▶ **Task description**:
Reproduce the listing in full. Omit the pictures.
___ Recorded information ___
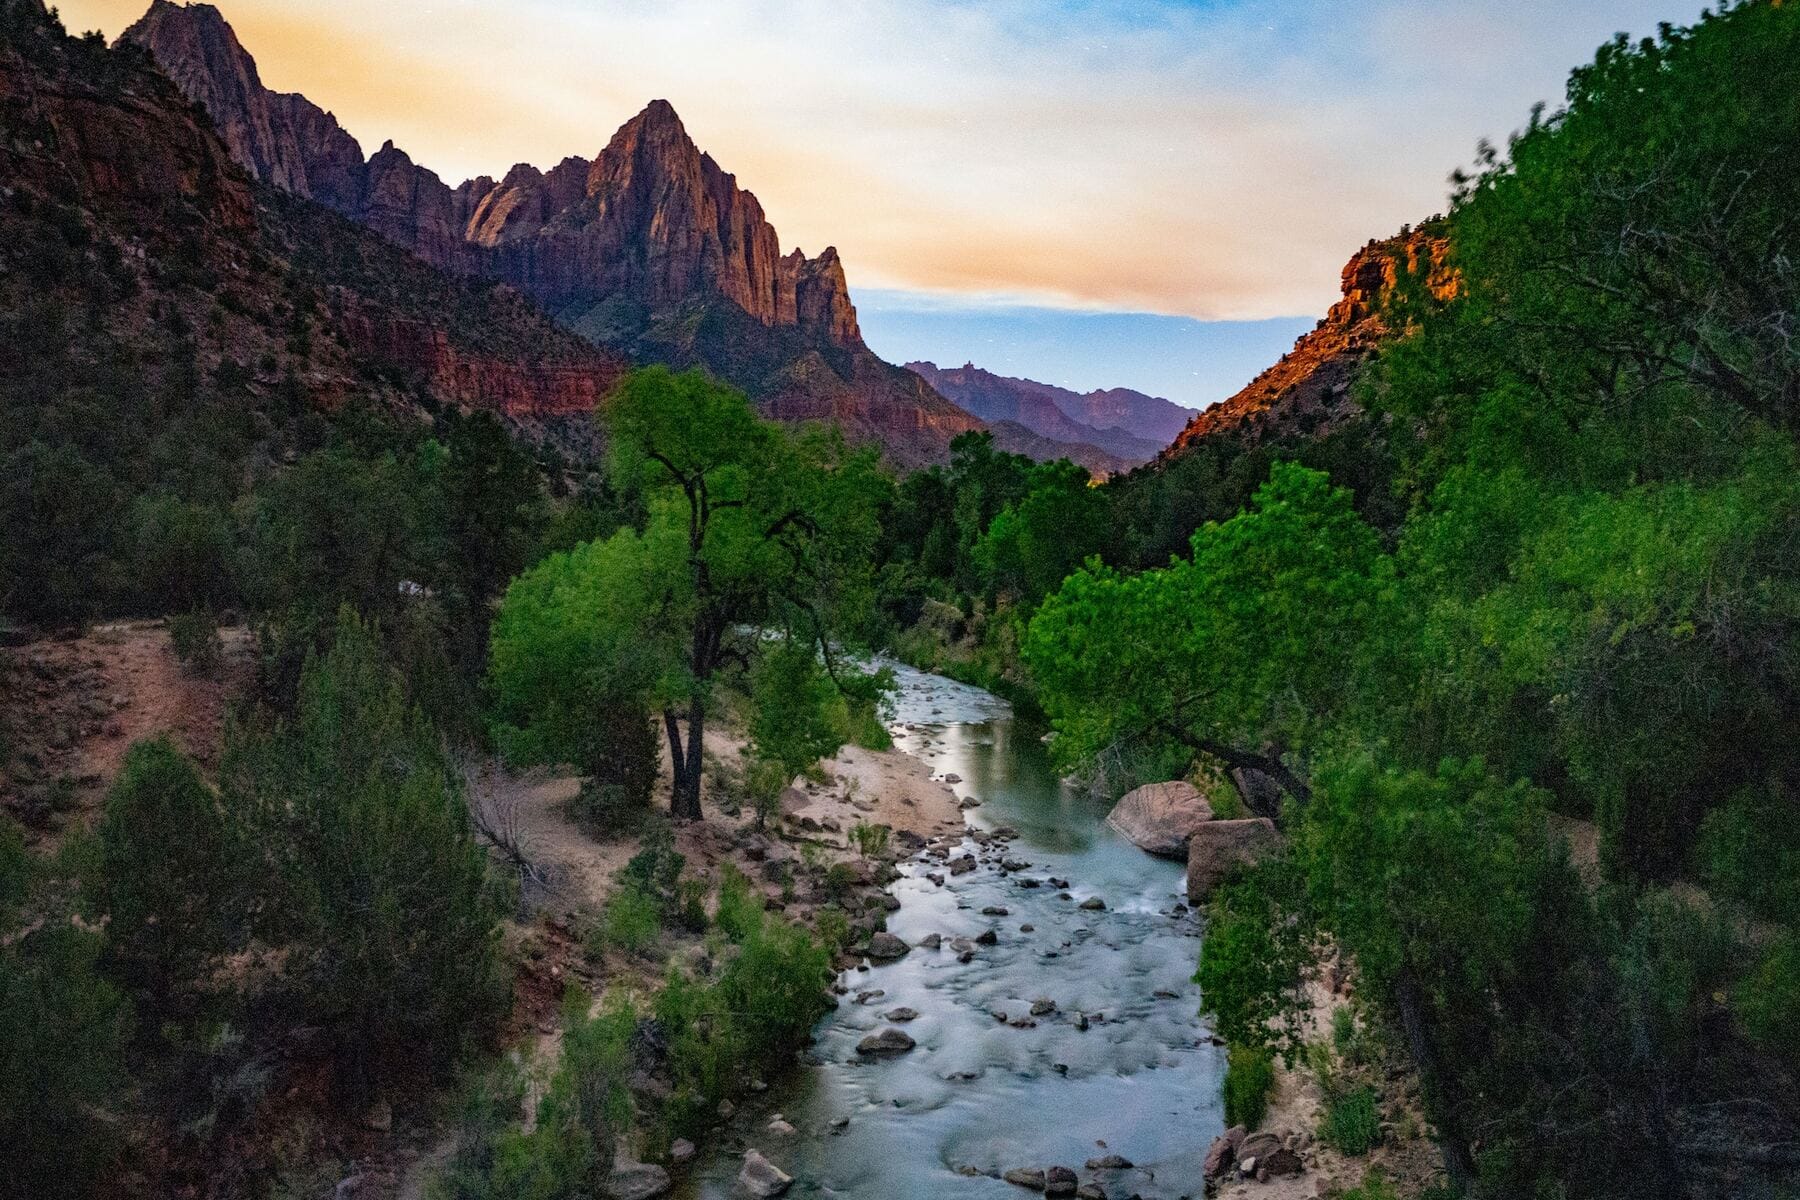 Image of Zion National Park in Utah - Book Outdoors
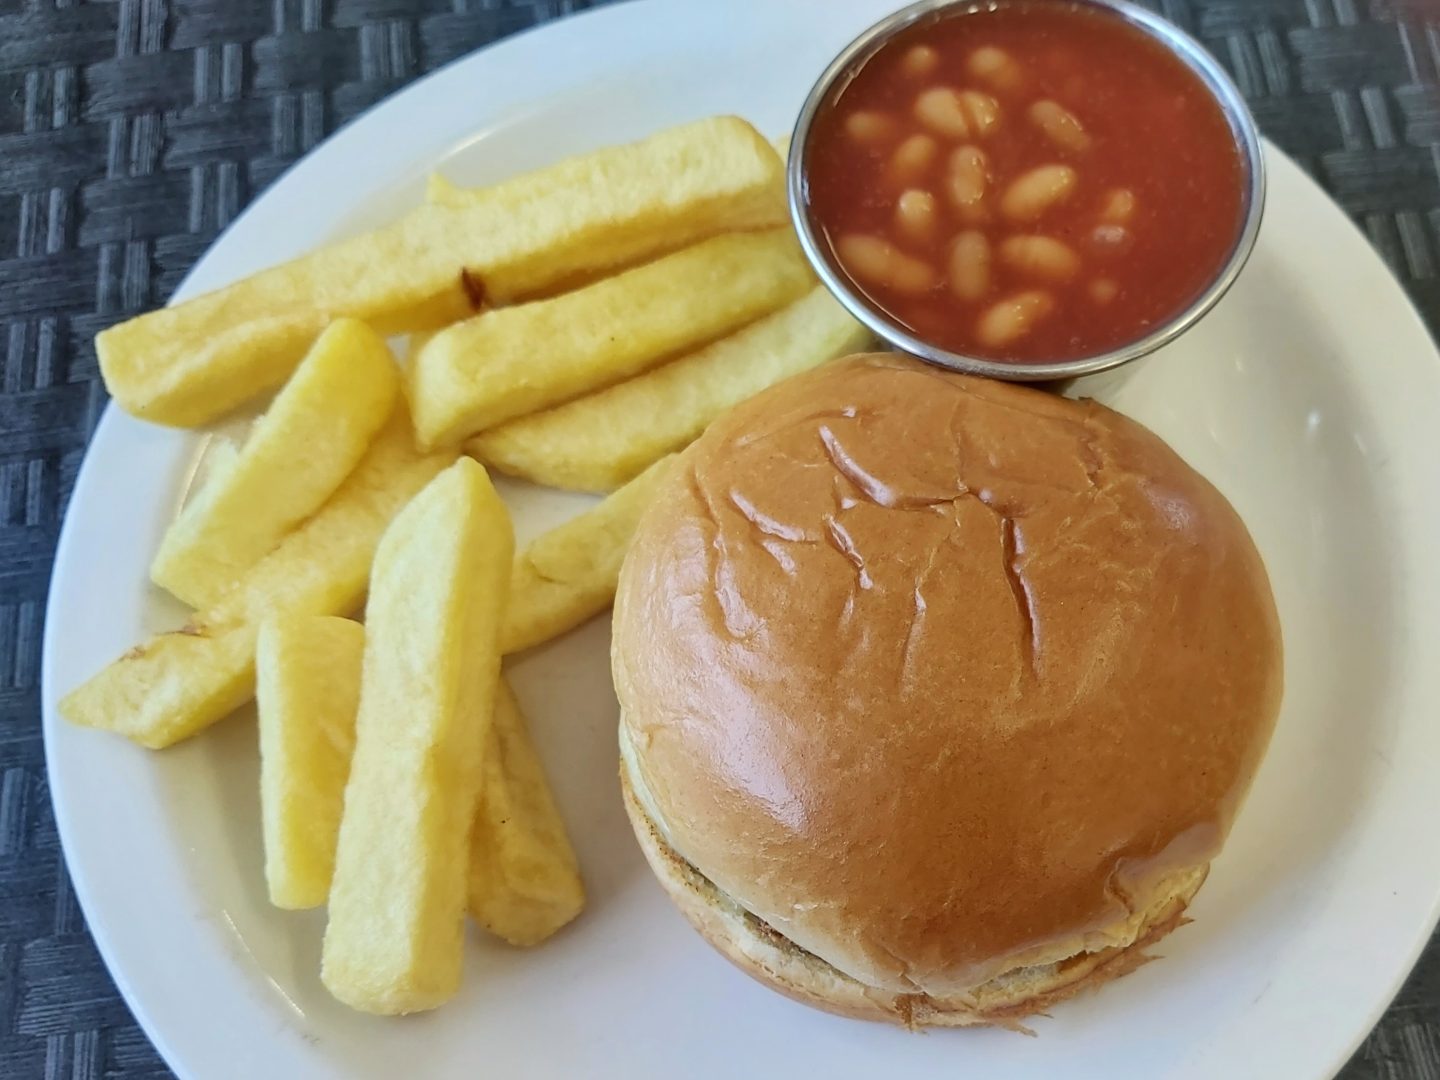 Kids veggie cheeseburger with chips and beans
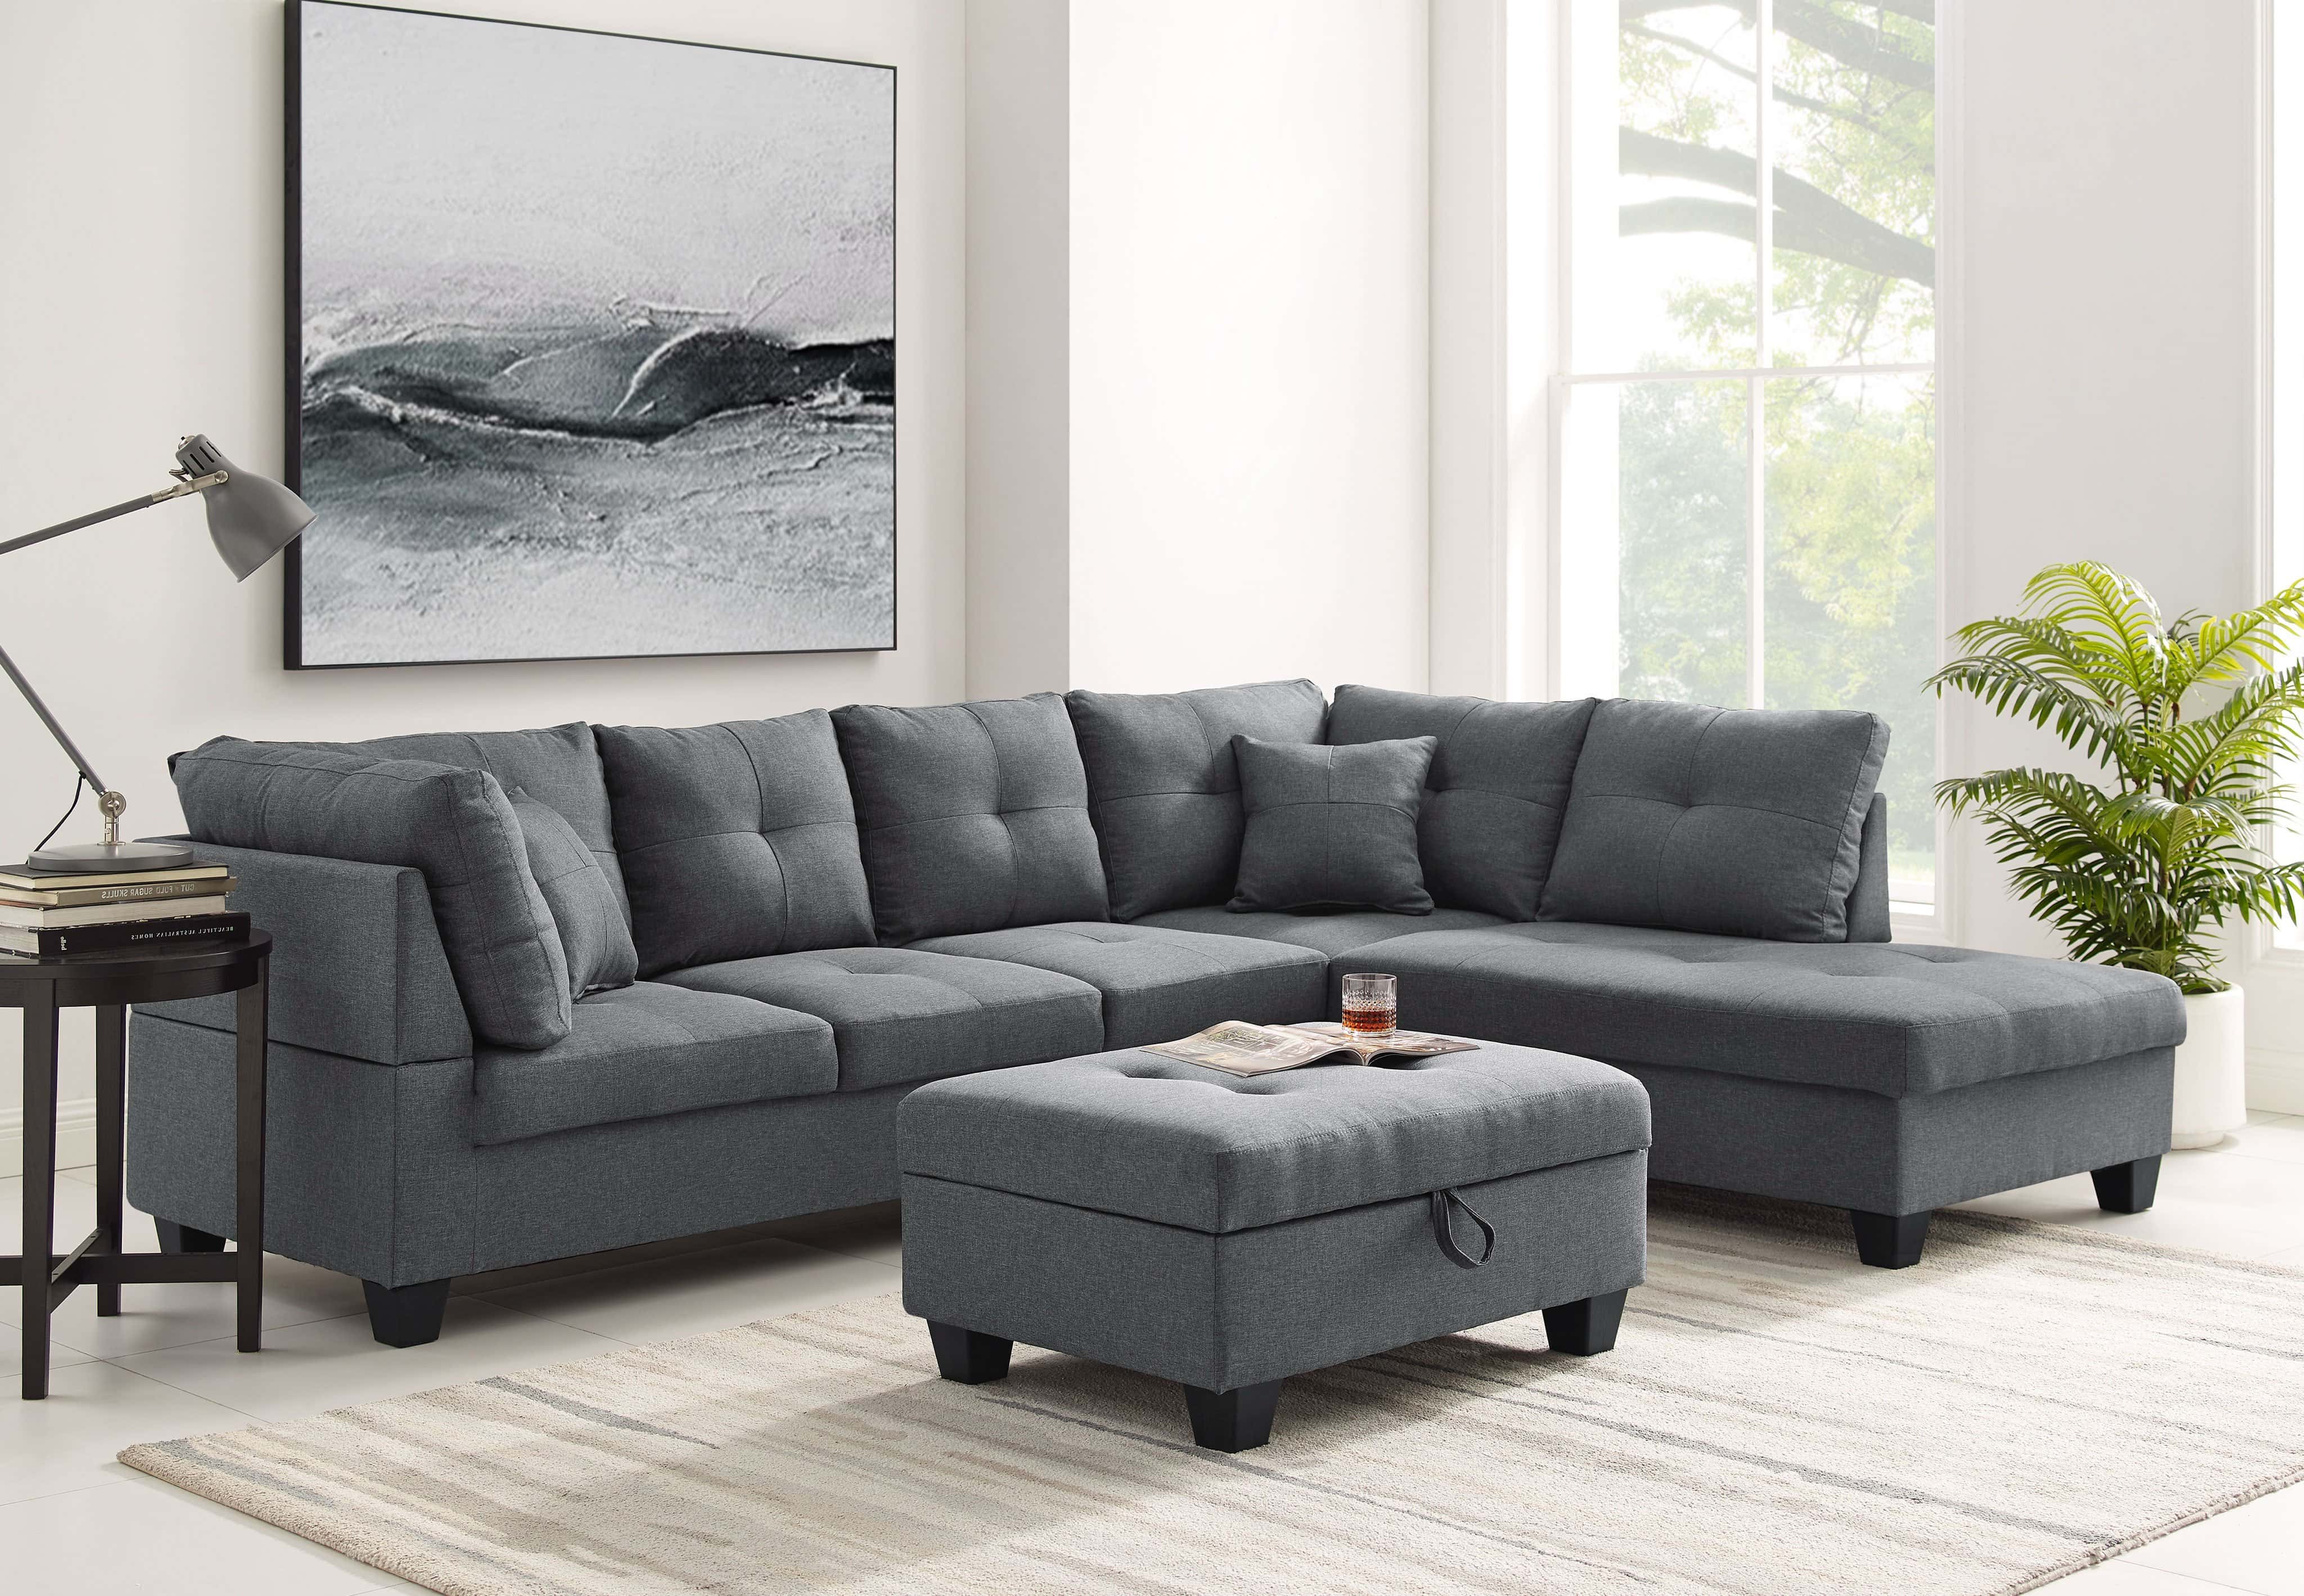 Spencer Dark Gray Sectional with Storage Ottoman by Prestige Furnishings
___
▶ **Solution to the problem**:
 Image of Zion National Park in Utah - Book Outdoors
 Kids veggie cheeseburger with chips and beans
 Spencer Dark Gray Sectional with Storage Ottoman by Prestige Furnishings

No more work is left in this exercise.